I agree that society is very fragile - and that things could all come crashing down around us. Still, really living without technology is extremely difficult. Its easy to pretend, but solar cells, windmills, cars, etc all have lots of high-tech parts. You would be restricting yourself to a very much lower standard of living than is possible in the modern 1st world.


----------



## Jellybeans (Mar 8, 2011)

If it weren't for tech, we wouldn't have this forum to discuss it.


----------



## Married but Happy (Aug 13, 2013)

Zouz said:


> I tend to think that one day ; money will not buy you food, nor water nor air


You may be right. However, while I don't want to burst your bubble, if things get that bad there will be a lot of desperate people who will want what you are building - and won't hesitate to take it.
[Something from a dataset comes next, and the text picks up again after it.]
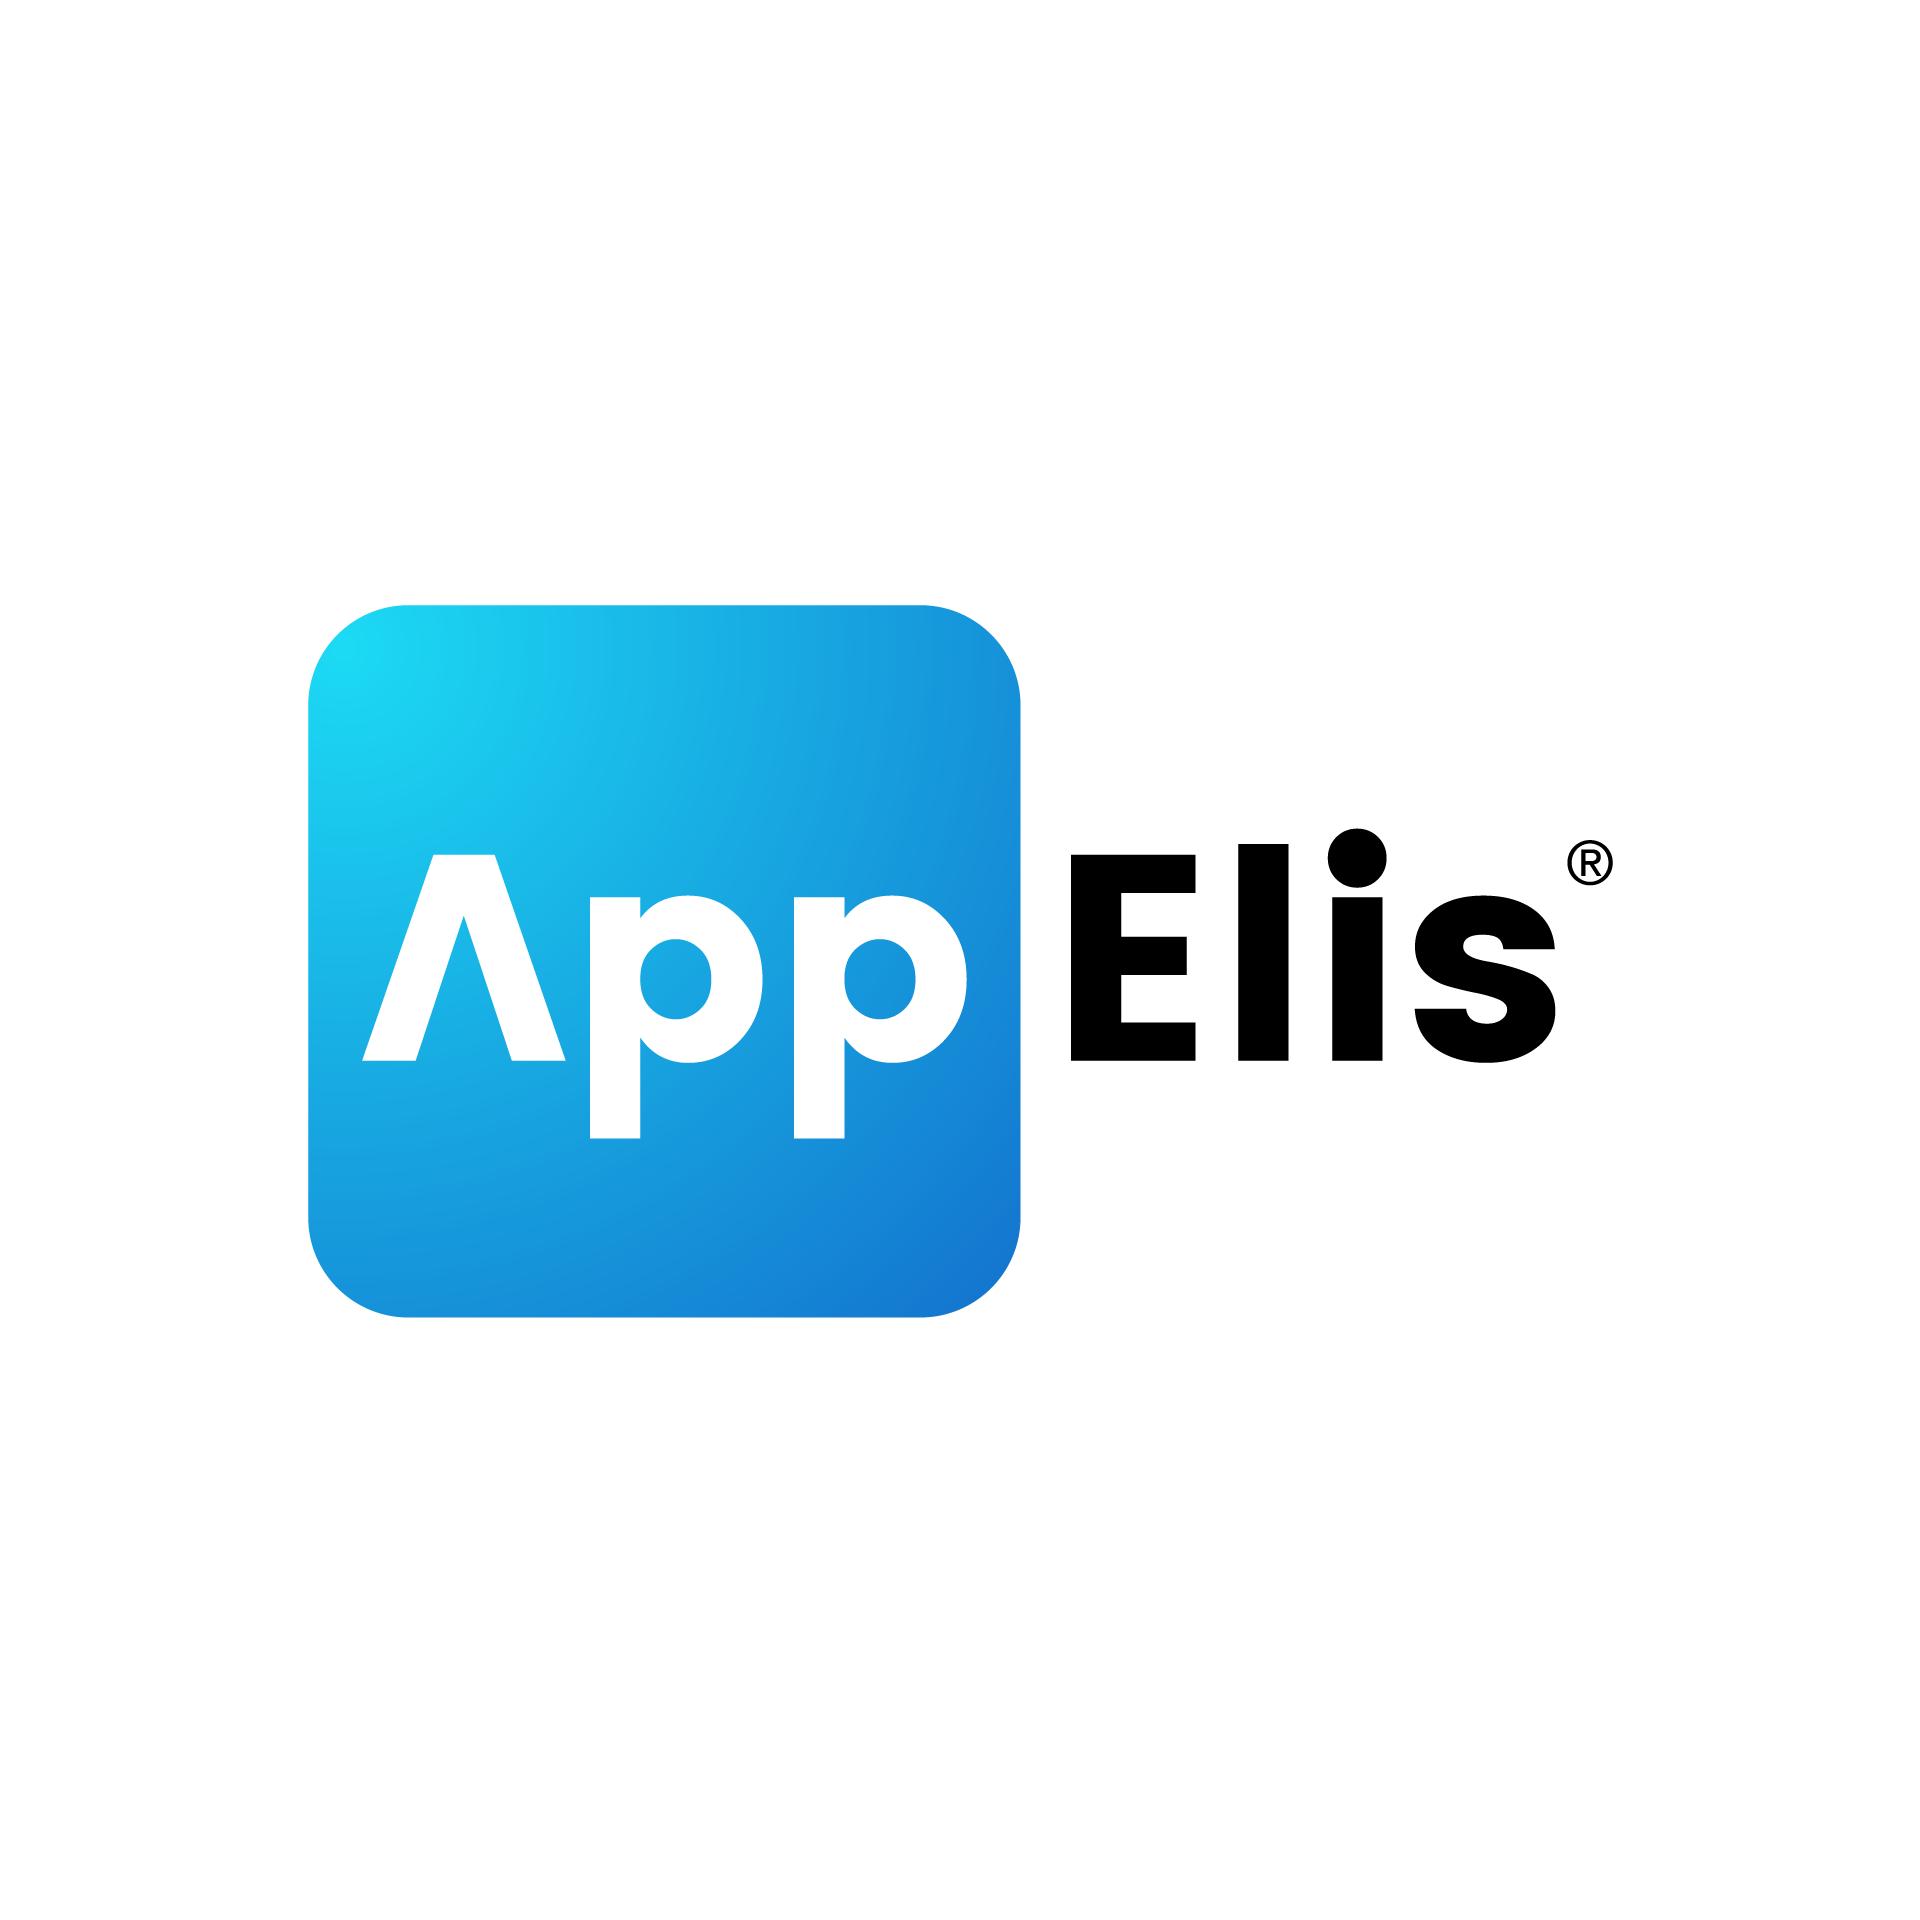 AppElis Logo

Unless your whole village shares your attitude and is armed to the teeth, perhaps - but usually there's someone who has more and bigger weapons and the will to use them.

So I guess I'll just enjoy and use whatever technology makes my life better (including communications, medical technology, and financial opportunities) while I can.
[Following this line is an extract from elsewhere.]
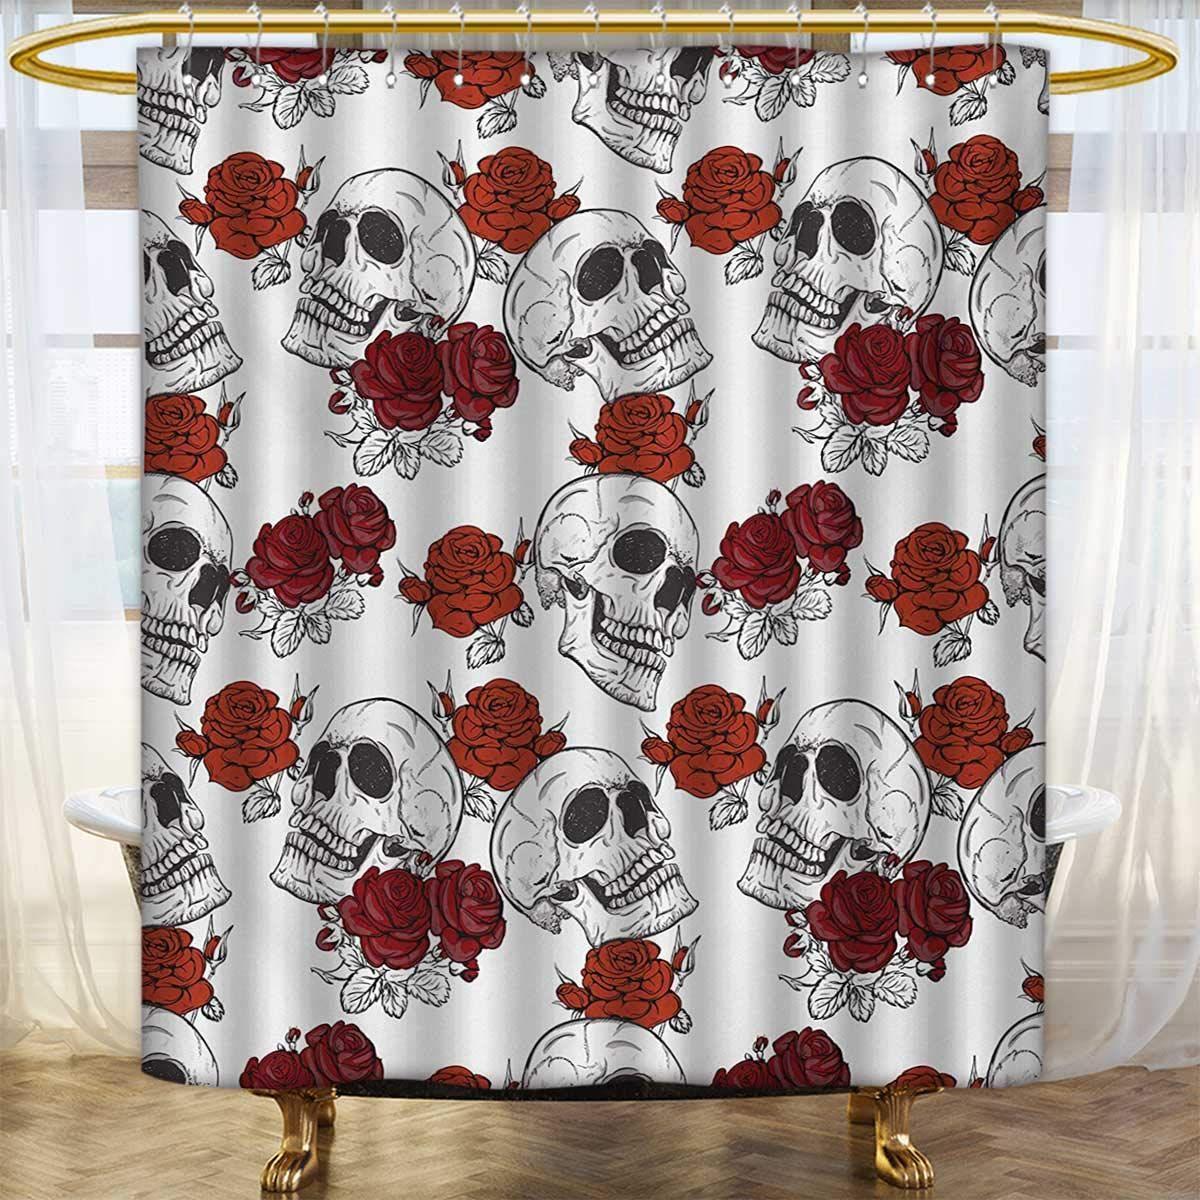 Lacencn Skullshower Curtains Mildew Resistantretro Gothic Dead

BTW, you could even lose it all legally to your wife if you or she decides to divorce.


----------



## Zouz (May 28, 2014)

As a first step , I wiped my FB account last month .

In my knew house there will be no internet ; only a TV with few options ; and just a lanline tel with that old black handset ...

If I disappear from TAM one Day , You will know where to find me


----------



## Jellybeans (Mar 8, 2011)

I could seriously not live without the internet in my home, in my phone, at work or anywhere else.


----------



## norajane (Feb 7, 2012)

It's not technology's fault! It's humans and the way they misuse technology that can be problematic, but technology itself is just a tool that can be used by humans for good or evil.


----------



## jorgegene (May 26, 2012)

technology has accelerated the rat race logarithmically.

it's not going away though.

Humans have an innate impulse to advance and nothing will stop it.
Logic has nothing to do with it necessarily.

would I want to live 800 years ago? No, but at the same time, I abhor the rat race. Even though I am a full card carrying member.

It's pretty hard to escape the rat race. Being aware of it is a start.


----------



## happy as a clam (Jan 5, 2014)

Jellybeans said:


> I could seriously not live *with internet* in my home, in my phone, at work or anywhere else.


With, or WITHOUT Ms. Beans? (Maybe that was a Freudian slip?)

:rofl:


----------



## Jellybeans (Mar 8, 2011)

Corrected!


----------



## Zouz (May 28, 2014)

Jelly u know then by now what should Xmas gift for him  apart from what all have suggested


----------



## Thundarr (Jul 4, 2012)

We're better but of course the infrastructure will eventually have a hiccup. Case in point, about 10 years back we had a nasty ice storm that knocked out my power for 5 days. It was a humbling withdraw.


----------



## Jellybeans (Mar 8, 2011)

Zouz said:


> Jelly u know then by now what should Xmas gift for him  apart from what all have suggested


For who?


----------



## Jellybeans (Mar 8, 2011)

Thundarr said:


> We're better but of course the infrastructure will eventually have a hiccup. Case in point, about 10 years back we had a nasty ice storm that knocked out my power for 5 days. It was a humbling withdraw.


It CAN be nice to disconnect.


----------



## Married but Happy (Aug 13, 2013)

Thundarr, your comment about power outages and recalling another recent thread makes me wonder what the battery life is for a sex bot. And can one keep you warm at night? I KNOW my wife is delightfully exothermic, and have even told her so.


----------



## EleGirl (Dec 3, 2011)

Zouz said:


> As a first step , I wiped my FB account last month .
> 
> In my knew house there will be no internet ; only a TV with few options ; and just a lanline tel with that old black handset ...
> 
> If I disappear from TAM one Day , You will know where to find me


Everything has plusses and minuses. Just take the best from it all and ignore the rest.

There will always be some kind of money going forward, whether it's actual coins and paper or something like bit coins. Money is nothing more and "coupons" with a value used in exchange of goods and services.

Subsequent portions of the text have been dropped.